[[ MATERIAL PROVIDED open ]]
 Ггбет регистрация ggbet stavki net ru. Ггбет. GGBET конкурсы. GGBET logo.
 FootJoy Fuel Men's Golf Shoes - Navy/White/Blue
[[ MATERIAL PROVIDED closed ]]
[[ MATERIAL PROVIDED open ]]
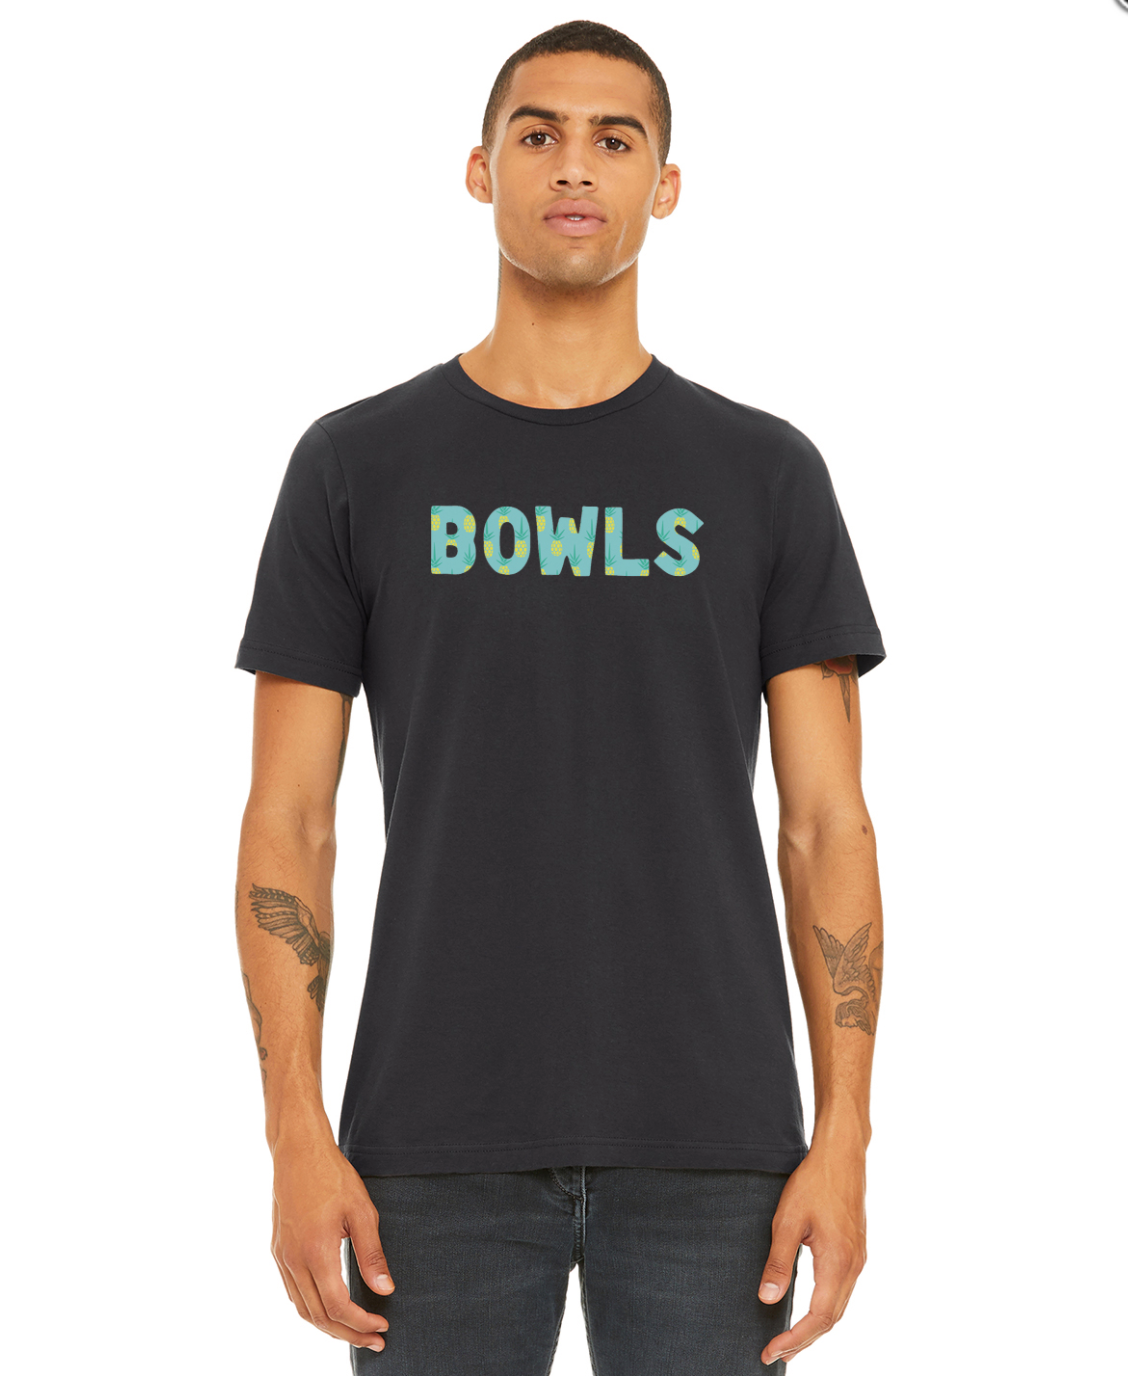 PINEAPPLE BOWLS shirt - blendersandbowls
[[ MATERIAL PROVIDED closed ]]
[[ MATERIAL PROVIDED open ]]
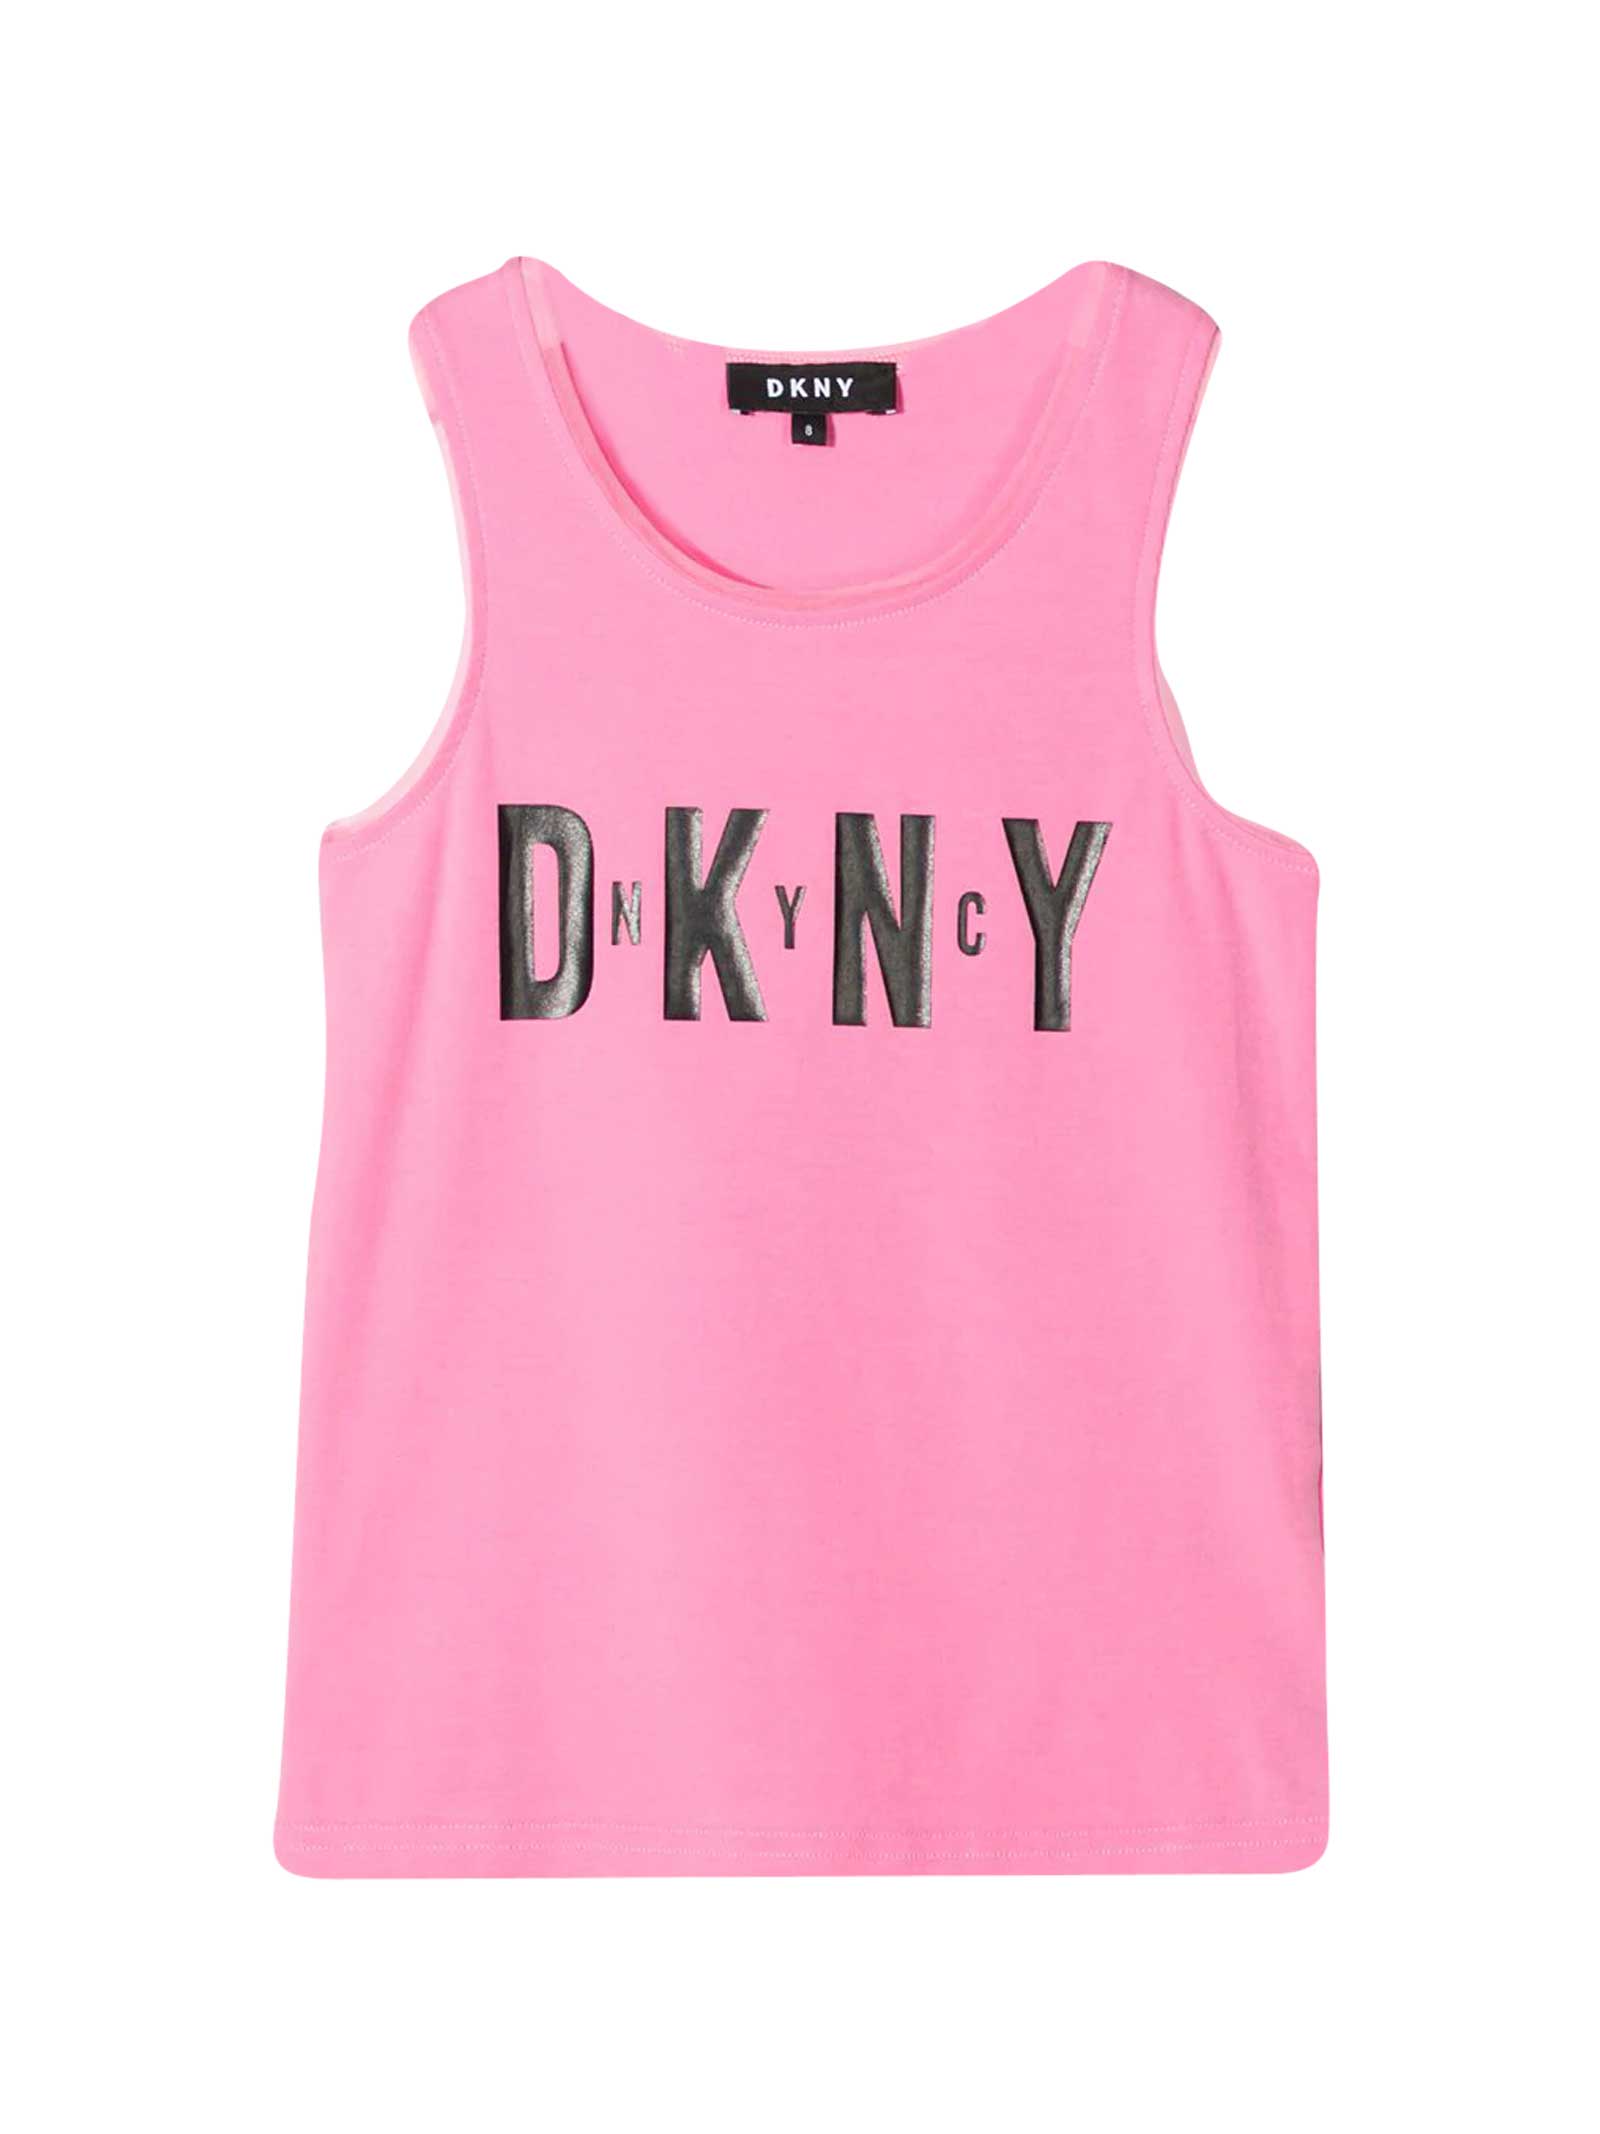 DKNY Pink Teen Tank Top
[[ MATERIAL PROVIDED closed ]]
(EXERCISE BRIEF)
Restate word for word only the lines above from the line containing "Ггбет регистрация ggbet" to the line containing "FootJoy Fuel Men's", both of them included.

(OUTPUT OF THE TASK)
 Ггбет регистрация ggbet stavki net ru. Ггбет. GGBET конкурсы. GGBET logo.
 FootJoy Fuel Men's Golf Shoes - Navy/White/Blue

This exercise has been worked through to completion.